Introduction
The average treatment effect is a remarkable conceptual achievement. It reduces a complex distribution of individual causal effects to a single summary that, under appropriate conditions, can be identified from observed data. But the ATE is also, in many policy contexts, the wrong quantity. A job training programme that raises earnings by 1Z20,000 for the most motivated participants and by nothing — or worse — for others. A drug that reduces blood pressure on average might harm patients with certain genetic profiles. Policy makers who act on the ATE may be systematically targeting the wrong people.
This is not a new insight. The distinction between the ATE and the average treatment effect on the treated (ATT) was built into the potential outcomes framework from the start (Rubin(1974)). Imbens and Rubin(2015) provide a comprehensive treatment of the many estimands that arise in causal inference. What is new, in the last decade, is the practical ability to estimate the full conditional distribution of treatment effects — the CATE function \(\tau(x) = \mathbb{E}[Y_i(1) - Y_i(0) \mid X_i = x]\) — using flexible machine-learning methods, and to characterise heterogeneity in panel designs in a way that is robust to the pathologies of the classical TWFE estimator.
A Taxonomy of Treatment Effect Estimands
Let \(Y_i(1)\) and \(Y_i(0)\) denote the potential outcomes for unit \(i\) under treatment and control, respectively, and let \(D_i \in \{0,1\}\) denote treatment status. The individual treatment effect is \(\tau_i = Y_i(1) - Y_i(0)\). Since at most one potential outcome is observed, \(\tau_i\) is never identified without additional structure.

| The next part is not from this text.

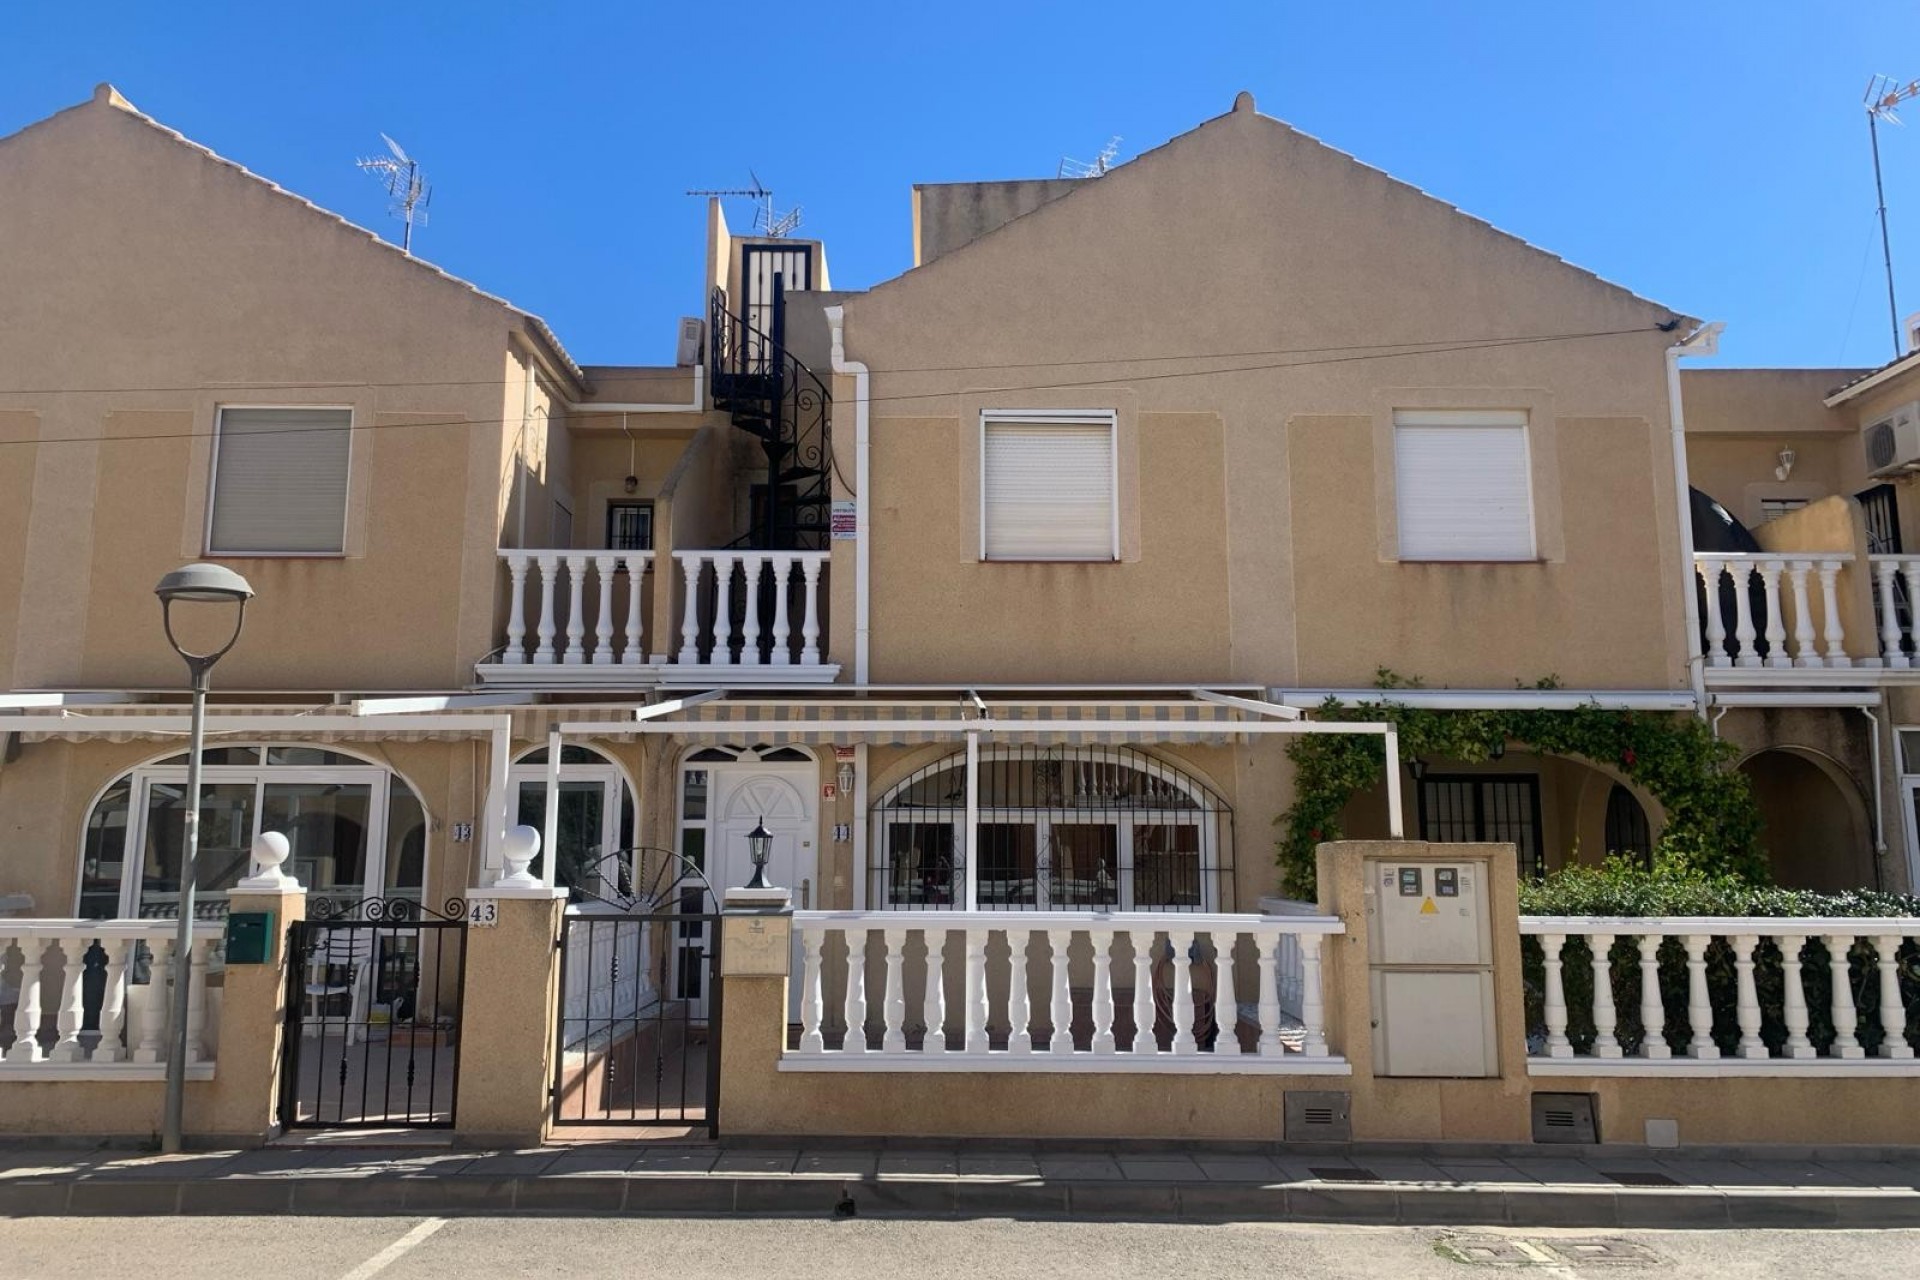 For sale: 3 bedroom house / villa in Orihuela Costa, Costa Blanca

The principal population-level summaries are:
\[\begin{align} \text{ATE} &= \mathbb{E}[\tau_i] = \mathbb{E}[Y_i(1) - Y_i(0)] \\ \text{ATT} &= \mathbb{E}[\tau_i \mid D_i = 1] = \mathbb{E}[Y_i(1) - Y_i(0) \mid D_i = 1] \\ \text{LATE} &= \mathbb{E}[\tau_i \mid \text{complier}] \quad \text{(instrumental variables setting)} \\ \text{CATE}(x) &= \mathbb{E}[\tau_i \mid X_i = x] \end{align}\]Each estimand is appropriate for different questions. The ATE answers: what is the average effect of treating a randomly drawn unit from the population? The ATT answers: among those who actually received treatment, what was the average effect? The LATE answers: among those who were induced into treatment by the instrument, what was the average effect? The CATE answers: for a unit with observed characteristics \(X_i = x\), what is the expected effect?
Angrist et al.(1996) established the IV-LATE theorem: under monotonicity and the exclusion restriction, the IV estimand equals the LATE. This result is simultaneously a clarification and a caution. IV identifies a well-defined quantity, but that quantity is local to the complier population, which may differ substantially from the population of always-takers or never-takers.
Why Heterogeneity Matters: The TWFE Pathology
The importance of heterogeneity was thrown into relief by the recent literature on two-way fixed effects estimators in staggered DiD settings. Goodman-Bacon(2021) showed that the TWFE estimator — the workhorse of applied panel econometrics for three decades — is a weighted average of all possible "2x2" DiD comparisons, where the weights depend on the variance of the treatment indicator. Crucially, these weights can be negative for some comparisons. In particular, when a group that was treated early serves as a control for a group treated later, it is being compared under treatment, and the resulting 2x2 DiD subtracts the treatment effect rather than adding it.
de Chaisemartin and D'Haultf uille(2020) formalise the bias explicitly. Let \(\delta_{g,t}\) denote the treatment effect for group \(g\) at time \(t\). Under heterogeneous effects, the TWFE estimator converges to a weighted sum \(\sum_{g,t} w_{g,t} \delta_{g,t}\) where some weights \(w_{g,t}\) are negative. The estimator can have the opposite sign to the true average effect.
The solution proposed by Callaway and Sant'Anna(2021) is to define estimands at the level of group-time pairs: \(ATT(g,t) = \mathbb{E}[Y_t(g) - Y_t(0) \mid G_i = g]\), where \(G_i = g\) means unit \(i\) was first treated in period \(g\). These group-time ATTs can be aggregated in different ways depending on the policy question: simple averages across groups and times, event-study plots showing how effects evolve with time since treatment, or calendar-time averages. The key point is that heterogeneity in treatment effects is no longer an embarrassment to be smoothed over — it is a source of information to be structured.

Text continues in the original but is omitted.